Wednesday, September 19, 2007

Transplant Headlines

There's been numerous news items recently and here are a few selected organ donation and transplant headlines from around the world.

Woman must raise $15,000 to even be put on organ transplant list
This article in the Danville (Virginia) Register highlights the plight of a patient in desperate need of a lung and liver transplant. However, due to her modest financial circumstances she must raise $15,000 just to be put on the transplant waiting list. Read the full story.

Drive for organ donations prompts criticism (California).
The local case against a transplant surgeon comes as donation agencies nationwide intensify their efforts.

As criminal proceedings move forward against a Bay Area transplant surgeon charged with trying to hasten a potential organ donor’s death at a San Luis Obispo hospital, no one thinks the case is typical.

But it comes as transplant advocates are becoming increasingly aggressive in their efforts to procure hearts, livers, kidneys and other organs in the hope of saving more of the thousands of desperate Americans who die, having languished on waiting lists.

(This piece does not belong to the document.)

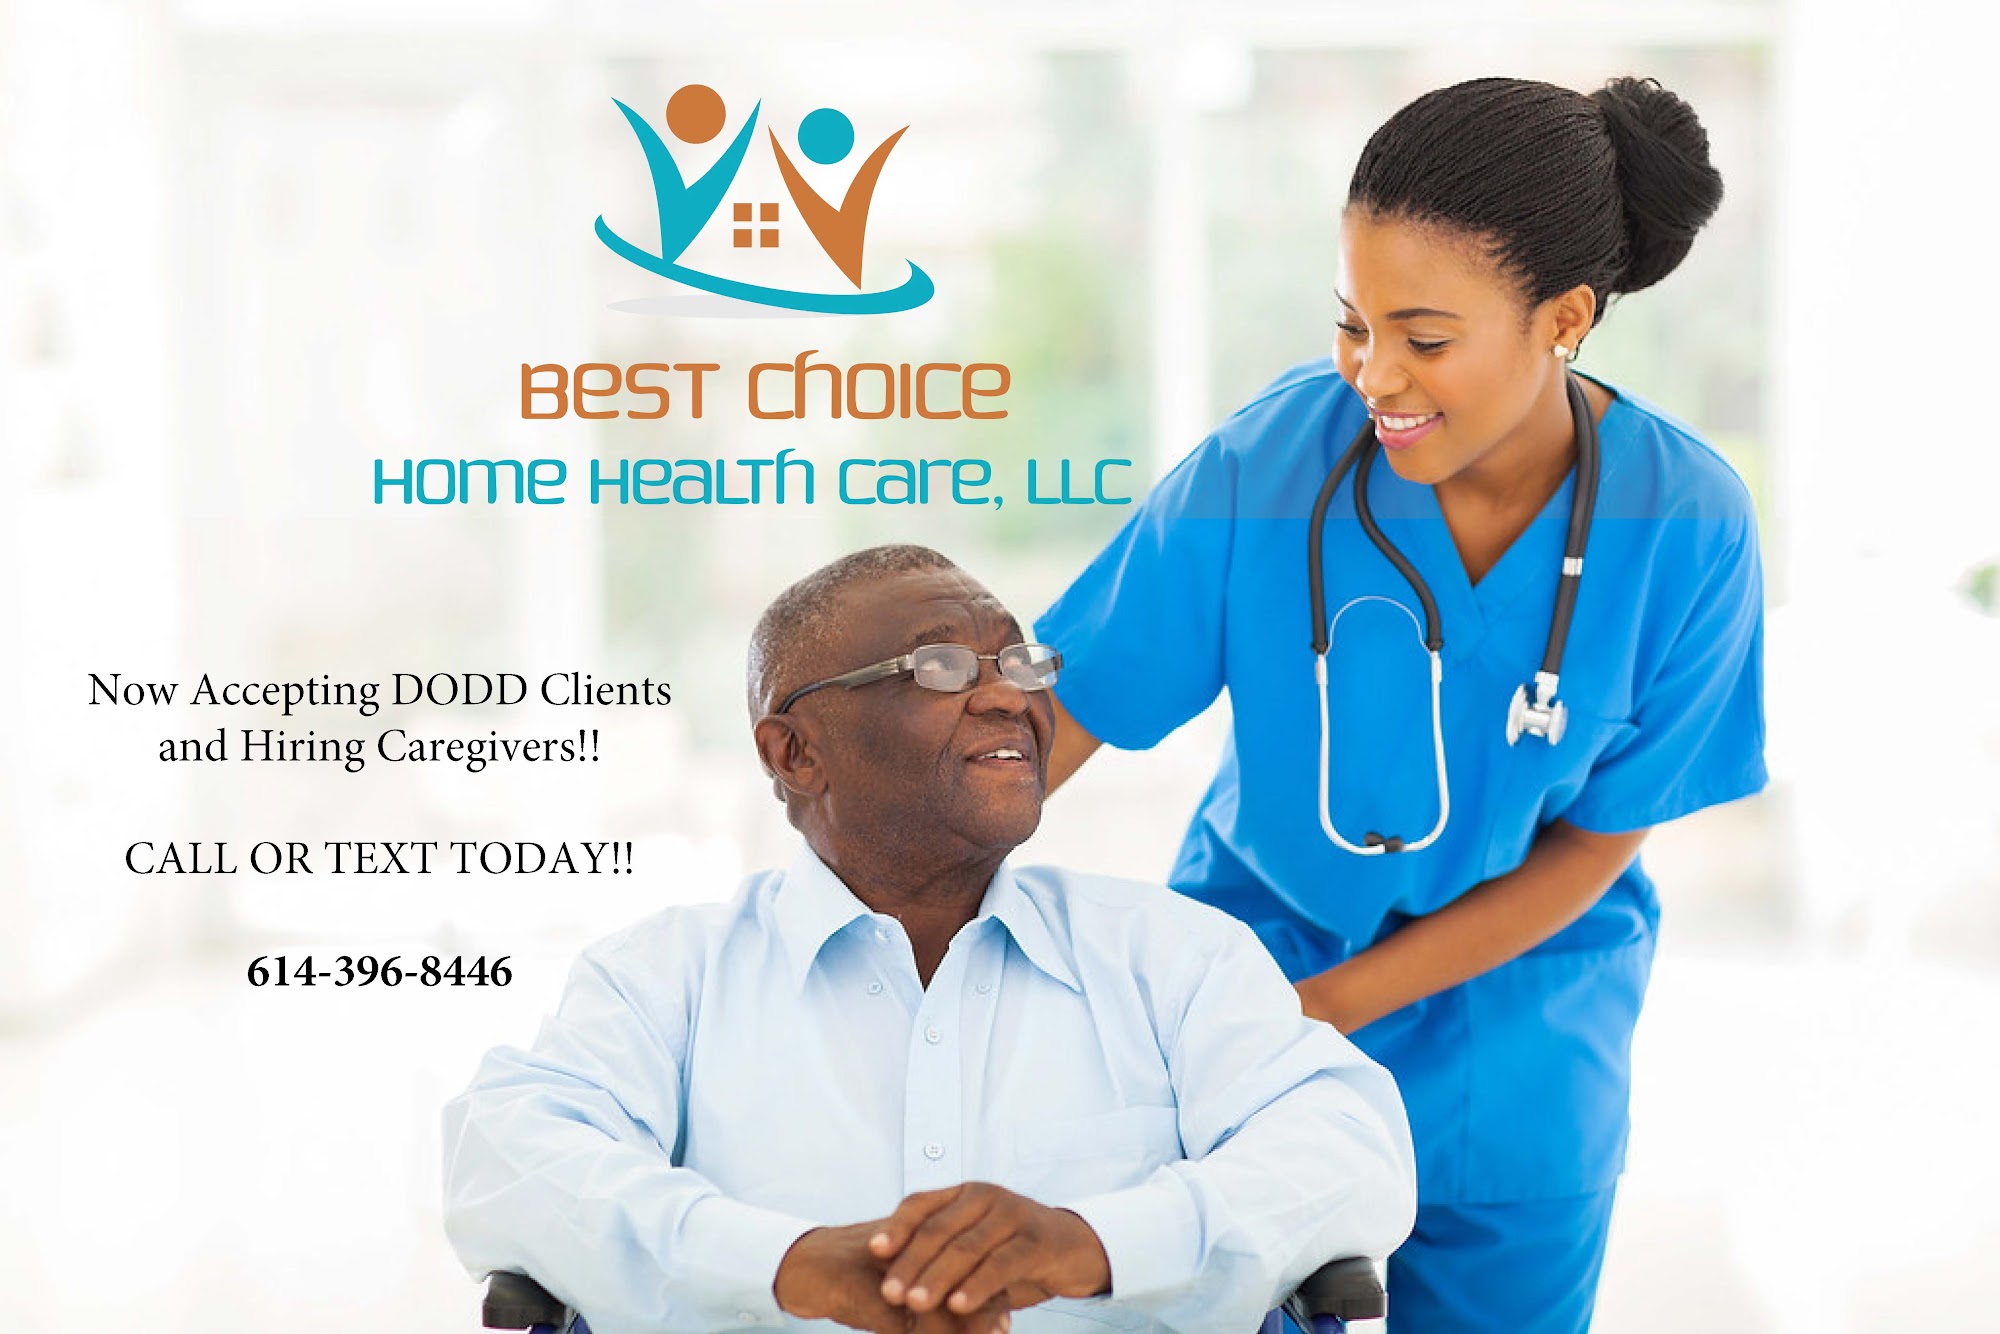 Best Choice Home Health Care, LLC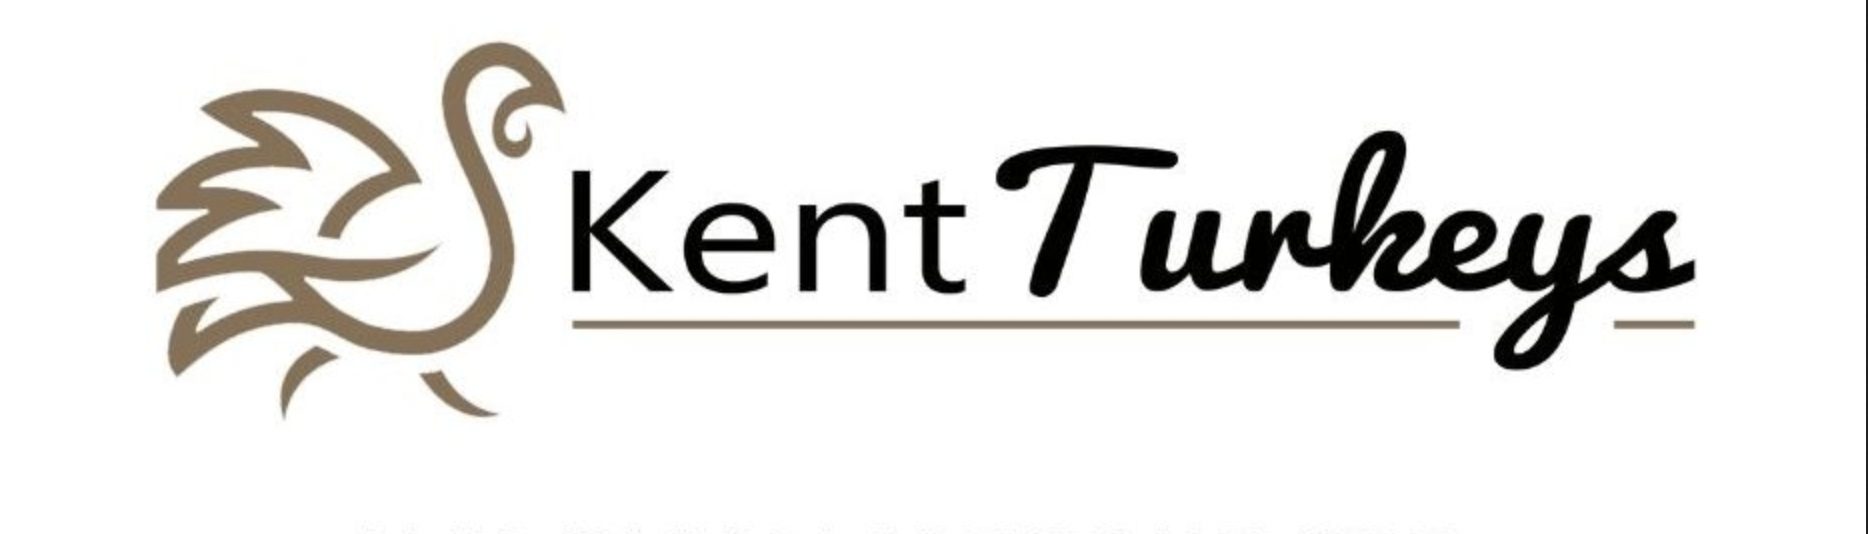 KENT TURKEYS logo

It represents the worst fear of some doctors, nurses and medical ethicists — the extreme end of a spectrum of practices that are raising alarm in hospital wards, emergency rooms and intensive care units around the country. Read the full story.

Court backs ministry directive to prevent organ sales abroad
The Jerusalem Post in Israel reports on a directive issued by Health Ministry Director-General Prof. Avi Yisraeli forbidding the health funds from financing the sale of transplant organs abroad received legal backing on Monday from the High Court of Justice.

The ruling was described by the ministry as a "signal of normative values at the highest level" that could serve as a precedent on the issue, even regarding possible Knesset legislation in the future.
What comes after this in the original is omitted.